Using the listing below, please print exactly the lines from the one with "Panneau solaire Flexible" through the one with "Titel: Die Werbemaßnahmen". Leave out every picture.

Recorded information:
*** Block opens ***
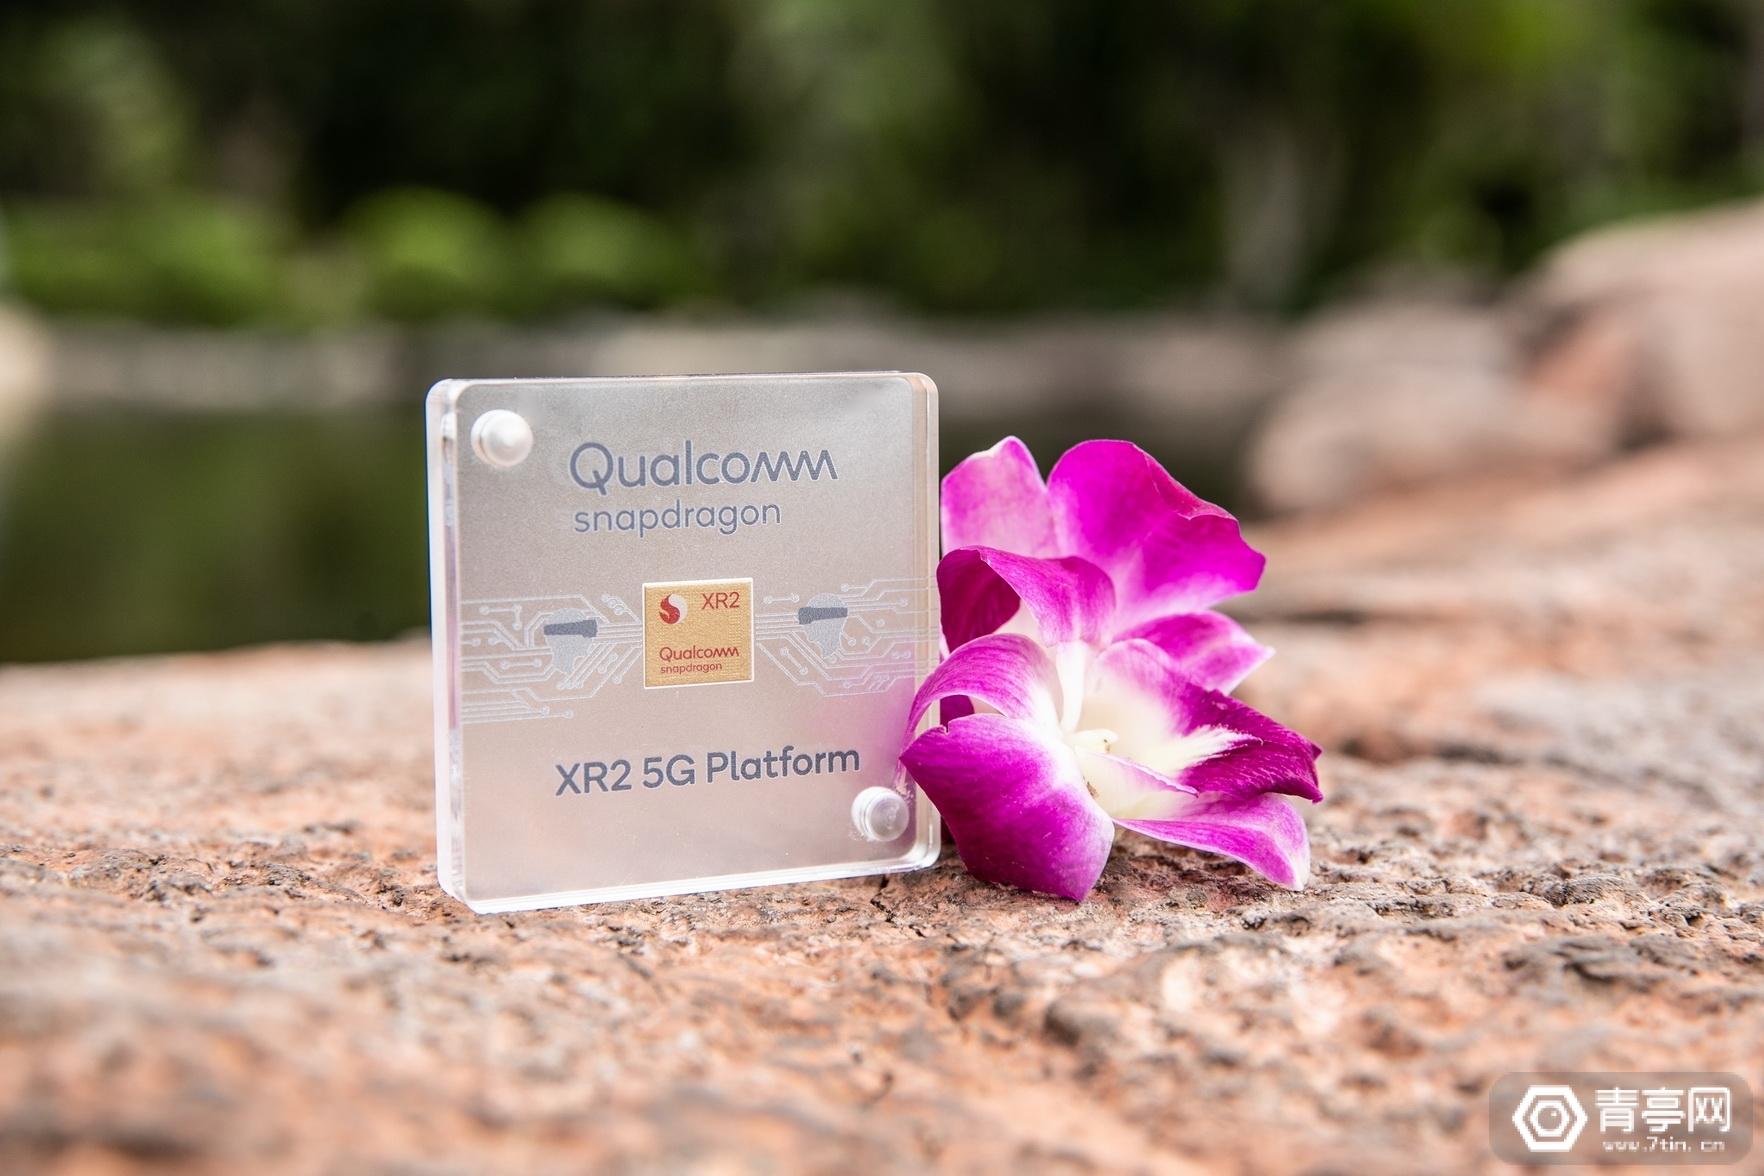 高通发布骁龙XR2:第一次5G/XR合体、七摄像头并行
*** Block closes ***
*** Block opens ***
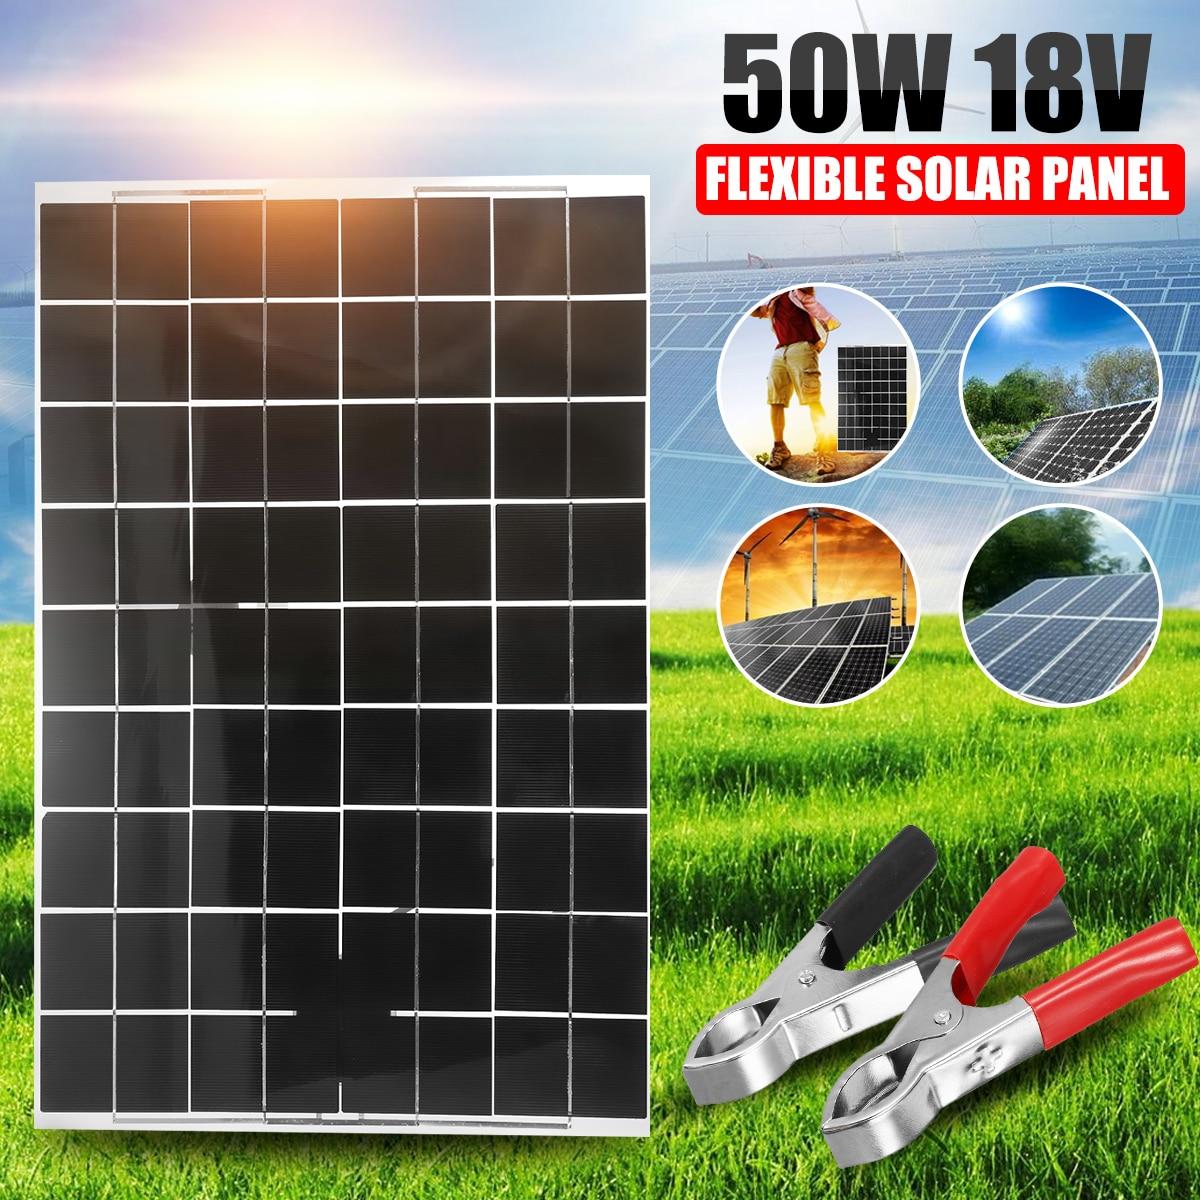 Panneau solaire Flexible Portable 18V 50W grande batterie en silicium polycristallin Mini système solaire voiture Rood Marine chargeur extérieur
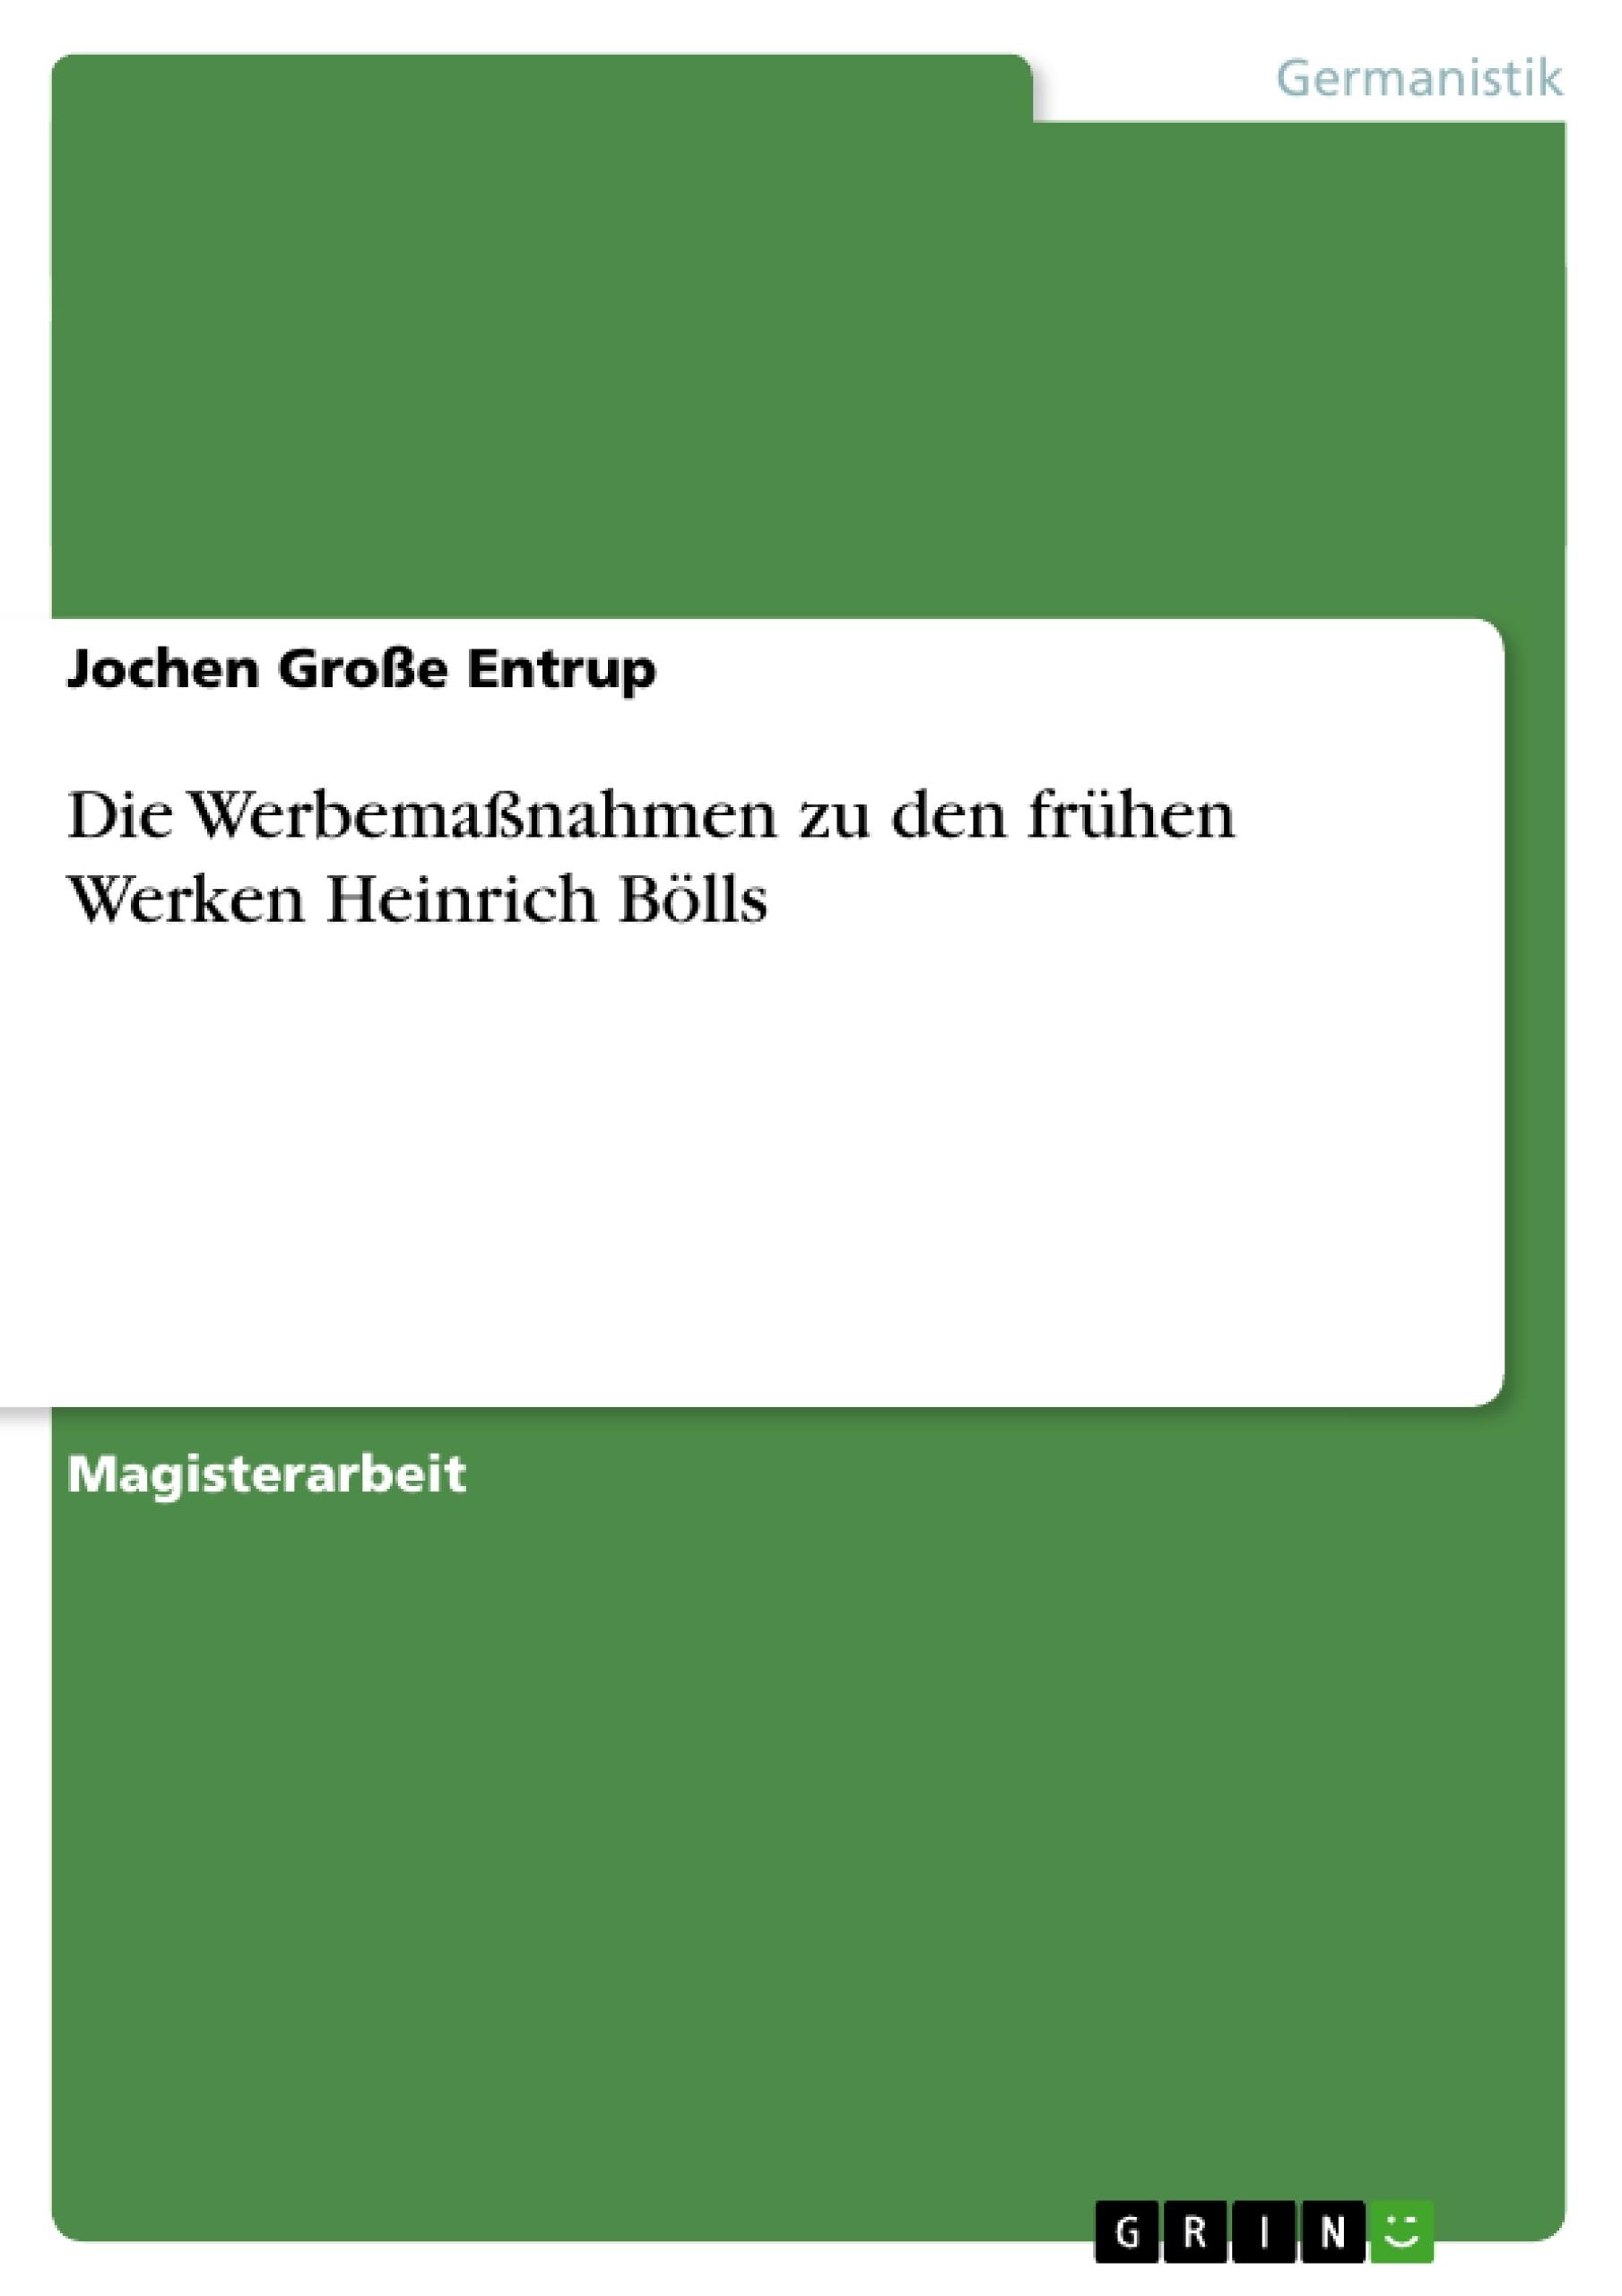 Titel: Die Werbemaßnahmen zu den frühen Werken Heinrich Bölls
*** Block closes ***
*** Block opens ***
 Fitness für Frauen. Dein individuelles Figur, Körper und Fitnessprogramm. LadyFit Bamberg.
*** Block closes ***
Answer to this problem:
 Panneau solaire Flexible Portable 18V 50W grande batterie en silicium polycristallin Mini système solaire voiture Rood Marine chargeur extérieur
 Titel: Die Werbemaßnahmen zu den frühen Werken Heinrich Bölls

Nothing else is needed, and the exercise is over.